National Youth Poet Laureate Amanda Gorman speaks at the inauguration of U.S. President Joe Biden. Credit: ROB CARR/GETTY

On January 20th, Amanda Gorman became the youngest inaugural poet in U.S. history when she delivered her original poem: “The Hill We Climb.” Gorman, raised by a single mother in Los Angeles, is a recent graduate of Harvard University who overcame a severe speech impediment as a child to become the first U.S. National Youth Poet Laureate. Rather than simply focusing on the serious challenges facing America (the “never-ending shade,” in her words), Gorman shed light on the power we now have to seize the “dawn” before us and to rejuvenate our democracy. 

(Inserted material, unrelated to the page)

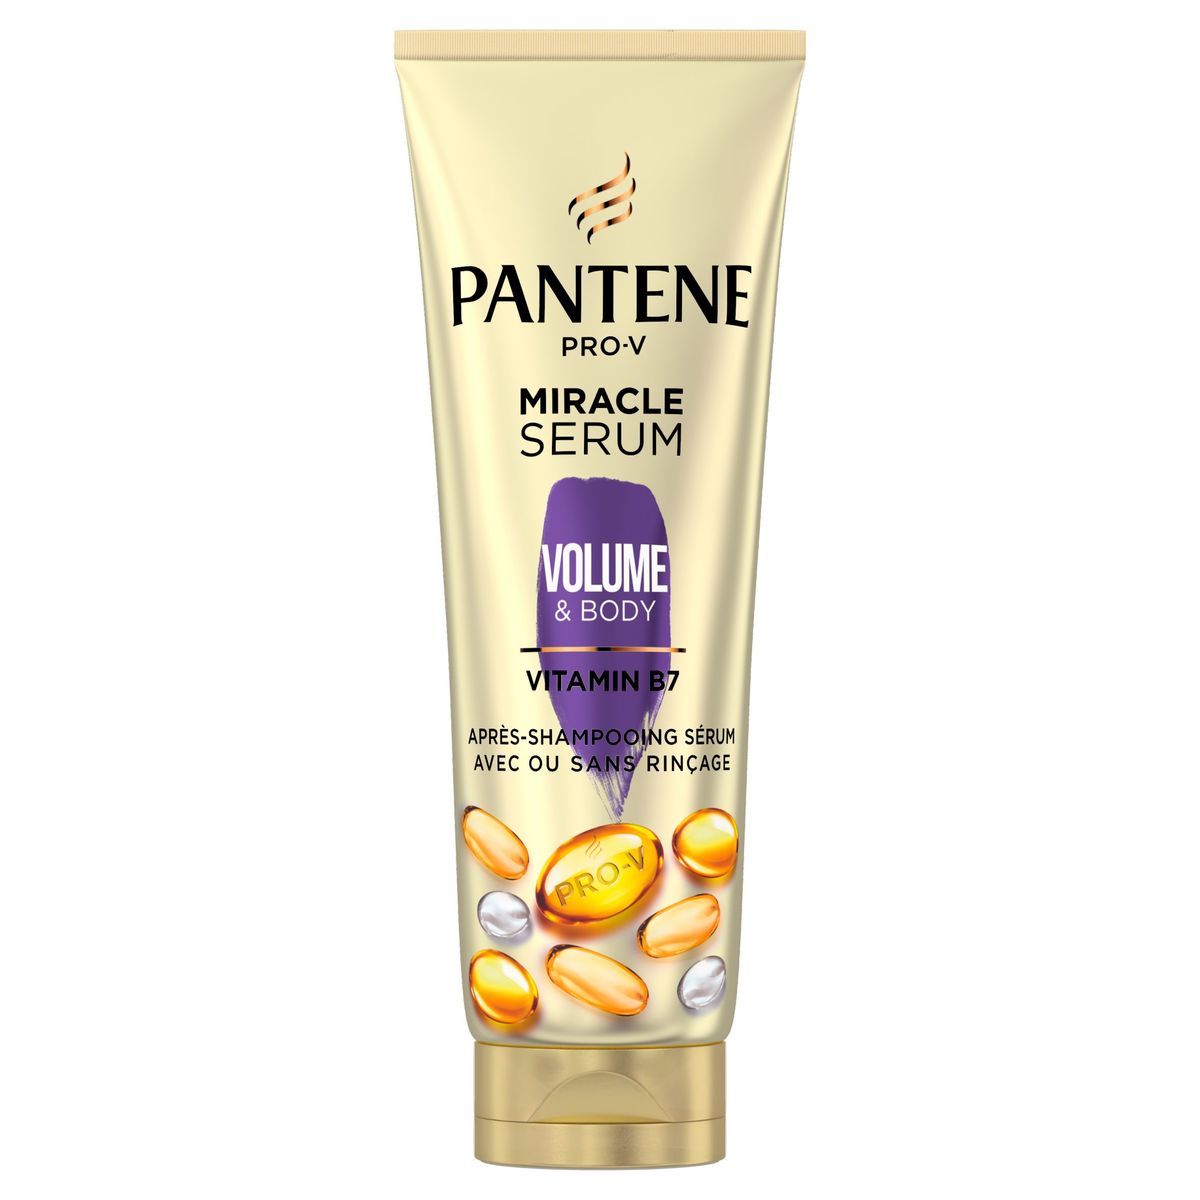 Pantene Volume & Body Miracle Serum

1. What made her poem different? 

“The Hill We Climb” did not take on the traditional form of written poetry; instead, Gorman utilized the spoken-word style, gesturing expressively with every verse she shared. And by emphasizing the rhythms, rhymes, and intonations of each phrase, Gorman transformed her poem into a form of music. Importantly, the language Gorman used was not overly elaborate or complex—instead, she spoke simply, but with power and purpose, ensuring that her words remained accessible to every member of her audience.  

Furthermore, although Gorman’s poem did not hide from America’s challenges, she couched her constructive criticism in a message of hope and the potential for positive change. Democracy, Gorman argued, is a process—one that has the flexibility to self-correct and adapt. As she says, while it can be “periodically delayed / it can never be permanently defeated.” Our nation is not “broken / but simply unfinished.” Indeed, America’s great experiment continues.

2. What is the history of poet laureates at inaugurations?

Poetry has only recently become a traditional part of the presidential inauguration ceremony. Only four presidents—John F. Kennedy in 1961, Bill Clinton in 1993 and 1997, Barack Obama in 2009 and 2013, and Joe Biden in 2021—have invited poets to compose work for their respective ceremonies. Amanda Gorman takes her place in history alongside the likes of Robert Frost, Maya Angelou, Miller Williams, Elizabeth Alexander, and Richard Blanco, speaking words that will echo through the minds of Americans for years to come.